Aydoğan, AA muhabirine yaptığı açıklamada, ergenliğin, çocukluk döneminin bittiği, erişkinlik dönemi öncesinde yeni özelliklerin kazanıldığı, başlangıç ve bitiş zamanı kesin olmayan fiziksel ve psikolojik gelişim açısından önemli bir geçiş dönemi olduğunu söyledi.

Bu dönemde, ergenlerin özellikle fiziksel değişikliklerle birlikte duygusal, davranışsal ve bilişsel alanlarda da hızlı bir değişime uğradıklarını aktaran Aydoğan, ergenlik döneminin, bu kadar değişiklikleri içermesi nedeniyle "fırtınalı", "delikanlılık" ve "yaşamın karmaşık bir dönemi" olarak da adlandırıldığını söyledi.

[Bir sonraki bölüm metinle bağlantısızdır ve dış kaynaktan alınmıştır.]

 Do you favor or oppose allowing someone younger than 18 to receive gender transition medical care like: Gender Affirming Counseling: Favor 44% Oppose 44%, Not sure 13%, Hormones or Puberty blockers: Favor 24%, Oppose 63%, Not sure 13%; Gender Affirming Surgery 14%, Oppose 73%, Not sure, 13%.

Doç. Dr. Aydoğan, erişkin yaşama geçiş dönemi olması nedeniyle, ailelerin bu dönemde çocukları üzerinde daha fazla kontrol sağlama ihtiyacı hissettiğini vurgulayarak, "Bu dönem, hem ergen için hem de aile için zor ve riskli bir dönemdir. Çoğu aile, çocuğu için artık birçok alanda 'özgürlük' olarak nitelendirilen ve algılanan bu dönemde, çocuklarının döneme özgü olumsuzluklardan en az etkilenerek, ilerideki yaşamlarında toplum içerisinde iyi bir birey olarak rol almasını ister. Ergenlik döneminde, ailelerin çocuklarına duyarlı, esnek ve gelişimlerini olumlu yönde destekleyici biçimde ilgi göstermeleri önemli bir yer tutmaktadır." diye konuştu.

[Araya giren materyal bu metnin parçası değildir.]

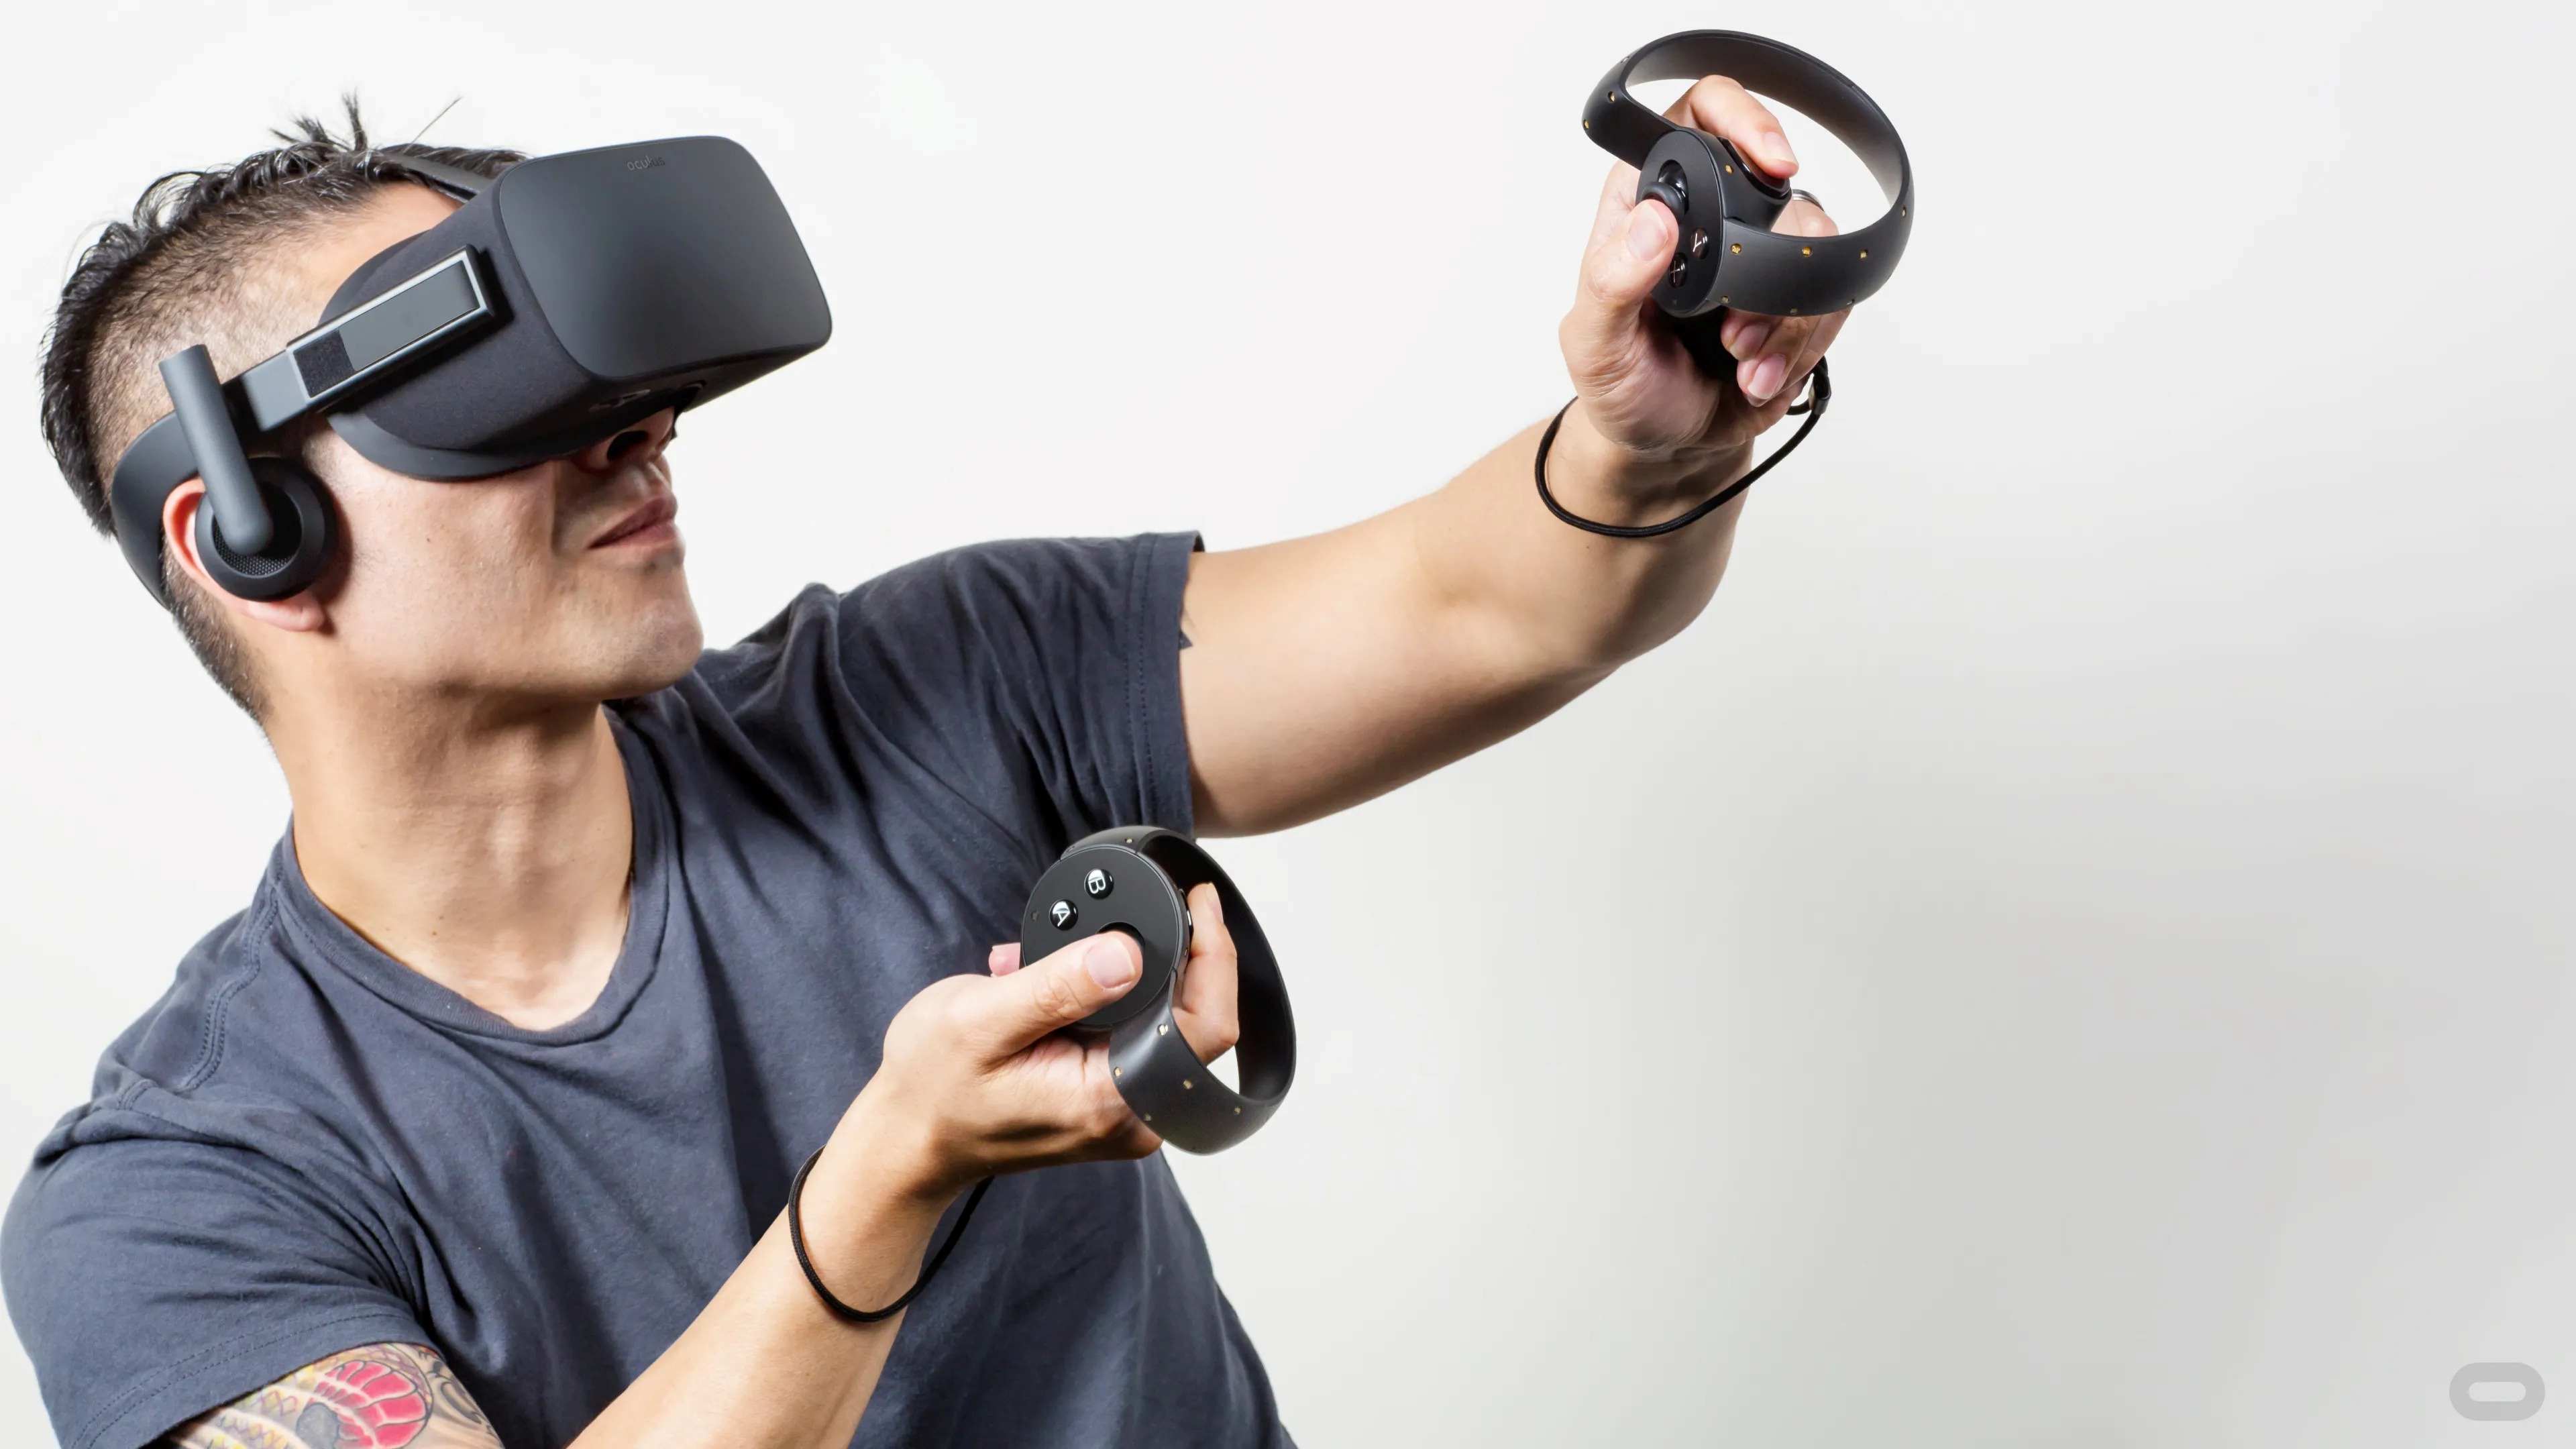 How Do You Make Your Character Move With Oculus Rift

- "Çocuklara 'sorumluluk vererek hayata tutunmalarını sağlamayı' sanki ihmal ediyoruz"

Teknolojinin ilerlemesiyle özellikle eğitim hayatında da önemli gelişmelerin olmasının kaçınılmaz olduğunu ancak her geçen gün ergenlerin toplumsal açıdan iyi bir birey olarak yetişmesinin daha da zorlaştığını dile getiren Aydoğan, "Ergen bazen çok fazla kontrolsüz bırakılmakta, bazen de haddinden fazla kontrol altında tutulmaya çalışılmaktadır. Aile bireyleri olarak biz ebeveynler, eski zamanlarda ergen çocuklar için çok fazla uyguladığımız, şimdilerde ise uygulamaktan kaçındığımız, hatta rafa kaldırdığımız 'sorumluluk vererek hayata tutunmalarını sağlamayı' sanki ihmal ediyoruz. Çünkü eğitim dışında yapacağımız girdilerin onlara zarar vereceği korkusunu sürekli içimizde yaşıyoruz. Bu şekilde davranarak onlara ne denli zarar verdiğimizi fark edemiyoruz." değerlendirmesinde bulundu.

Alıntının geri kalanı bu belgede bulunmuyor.